I don't know what to do about the Moinmoin Wiki on python.org. Lots of useful information was recently moved to the Wiki, like the editors list and Andrew Kuchling's bookstore. But the Wiki brought the website down twice this weekend, by growing without bounds. To prevent this from happening again, we've disabled the Wiki, but that's not a solution. Juergen Hermann, Moinmoin's author, said he fixed a few things, but also said that Moinmoin is essentially vulnerable to "recursive wget" (e.g. someone trying to suck up the entire Wiki by following links). Apparently this is what brought the site down this weekend -- if I understand correctly, an in-memory log was growing too fast. There are a lot of links in the Wiki, e.g. for each Wiki page there's the page itself, the edit form, the history, various other actions, etc. I believe that Juergen has fixed the log-growing problem. Should we enable the Wiki again and hope for the best? --Guido van Rossum (home page: http://www.python.org/~guido/)

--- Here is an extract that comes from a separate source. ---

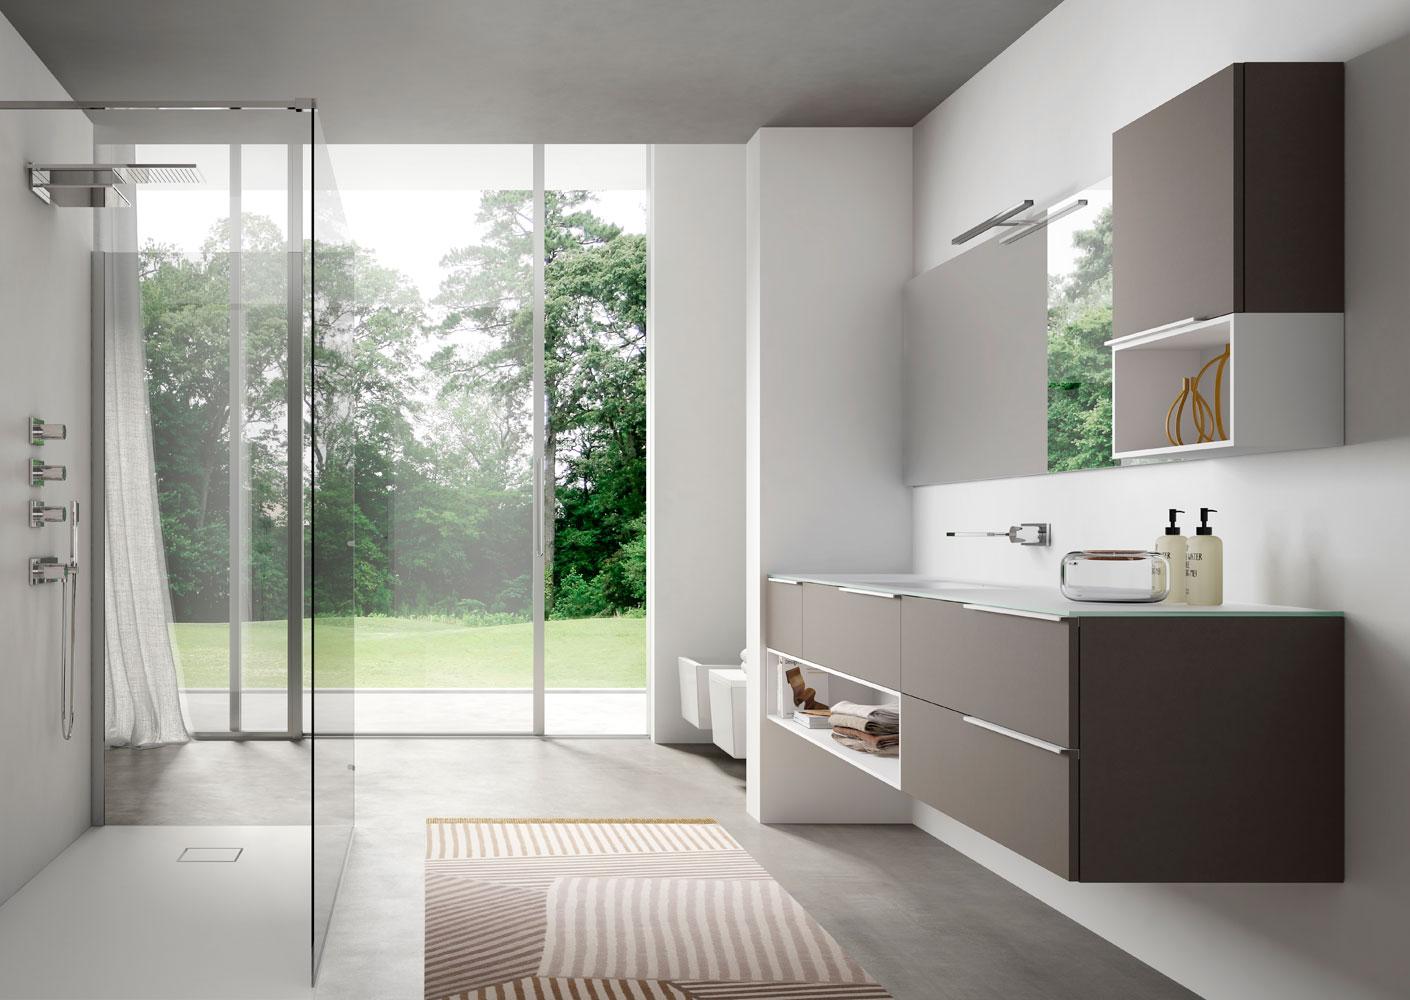 Bagni Moderni Verde Acqua : Mobile bagno verde acqua 23 idee per arredare un bagno lungo e stretto

Guido> Juergen Hermann, Moinmoin's author, said he fixed a few things, Guido> but also said that Moinmoin is essentially vulnerable to Guido> "recursive wget" (e.g. someone trying to suck up the entire Wiki Guido> by following links). Apparently this is what brought the site Guido> down this weekend -- if I understand correctly, an in-memory log Guido> was growing too fast. I'm a bit confused by these statements. MoinMoin is a CGI script. I don't understand where "recursive wget" and "in-memory log" would come into play. I recently fired up two Wikis on the Mojam server. I never see any long-running process which would suggest there's an in-memory log which could grow without bound. The MoinMoin package does generate HTTP redirects, but while they might coax wget into firing off another request, it should be handled by a separate MoinMoin process on the server side. You should see the load grow significantly as the requests pour in, but shouldn't see any one MoinMoin process gobbling up all sorts of resources. Jürgen, can you elaborate on these themes a little more? Guido> I believe that Juergen has fixed the log-growing problem. Should Guido> we enable the Wiki again and hope for the best? With an XS4ALL person at the ready? Perhaps someone can keep a window open on creosote running something like while true ; do ps auxww | egrep python | sort -r -n -k 5,5 | head -1 sleep 15 done I'm running out for the next few hours. I'll be happy to run the while loop when I return. Skip
Guido> Juergen Hermann, Moinmoin's author, said he fixed a few things, Guido> but also said that Moinmoin is essentially vulnerable to Guido> "recursive wget" (e.g. someone trying to suck up the entire Wiki Guido> by following links). Apparently this is what brought the site Guido> down this weekend -- if I understand correctly, an in-memory log Guido> was growing too fast.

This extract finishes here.